Joel Jacobs wrote:
> Hi Peter,
> I think you meant to say 20% not 120% since you gave the example of
> 200ms jitter will trip the error with a 1ms servo thread.
> I had a chance to do some further testing.  I ran the latency test for
> longer - a couple hours and the servo thread jitter just barely
> exceeded 14us which is exactly 2% of my servo thread (700us) so I'm
> thinking the error is tripping at only 2% jitter - remember I have no
> base thread.
>   
Yes, for some time I have thought the error message threshold is set a 
bit too sensitively.
A 10% variation of run time for a real time component is certainly cause 
for worry, but one should leave enough overhead for the occasional burst 
of DMA or other activity that slows the CPU down.  When these error 
messages occur, more information on the exact amount of run time 
variance is put in the /var/log/messages file, easiest to examine recent 
ones with the dmesg command.

With only a 700 us servo thread, your CPU should not be real heavily 
loaded, so even a 10 or 20% increase in run time is not likely to 
overrun the next scheduled execution of the thread.

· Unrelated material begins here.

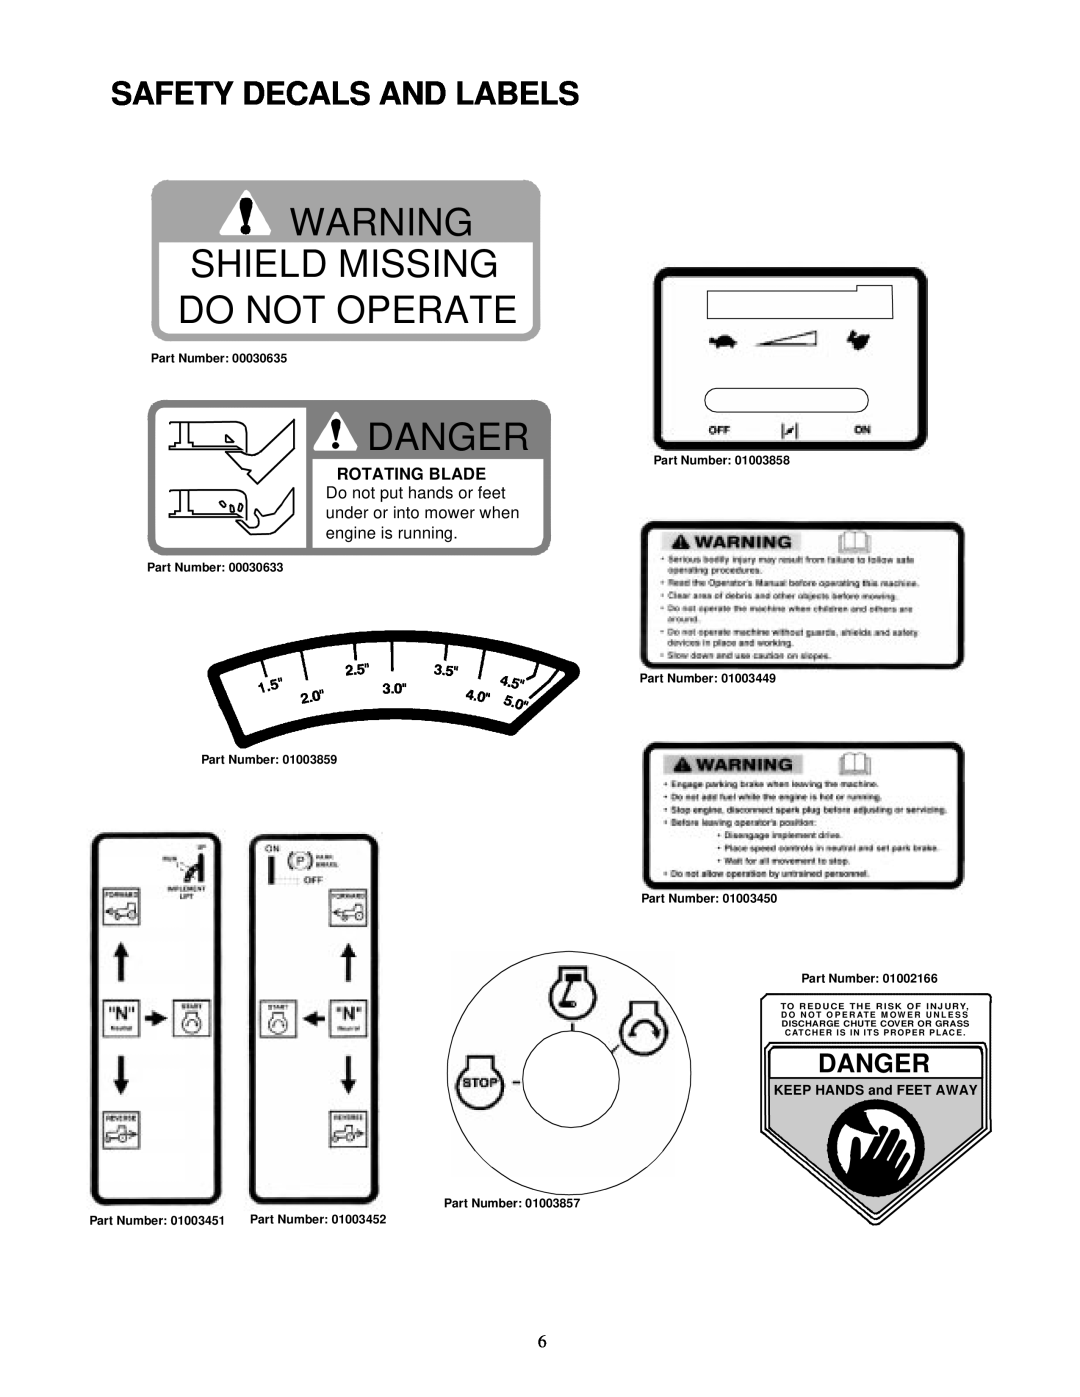 Cub Cadet 18HP Safety Decals And Labels, Shield Missing Do Not Operate, Danger, KEEP HANDS and FEET AWAY, Part Number

Fortunately, these messages are only notices, and don't affect the 
machining.
>   I tried turning off hyper-threading and adding the isolcpus=1 to
> grub and the latency numbers about halved and no more delay errors -
> BUT - It has severely affected the computers performance so I won't
> leave it that way.  I would rather just clear the error.
>    I think 2% jitter on the servo thread is perfectly acceptable.
Check the dmesg report, and if it really is just a 2% overrun, go ahead 
and ignore it.
>   My
> motors are running smooth as silk and performing well.
>    So if it's supposed to trip at 20% and mine seems to trip at 2%
> have I discovered a bug or is this a problem exclusive to my system?
> Maybe someone else running a servo only system could try setting their
> servo period to 40x max jitter and see if the error is generated.
> That would make the error 2.5% - enough to trip if it is in fact
> tripping at 2%
What really is important is the normal run time for the entire thread 
vs. the scheduling interval.
If there is more than 20% headroom there, I wouldn't worry about it.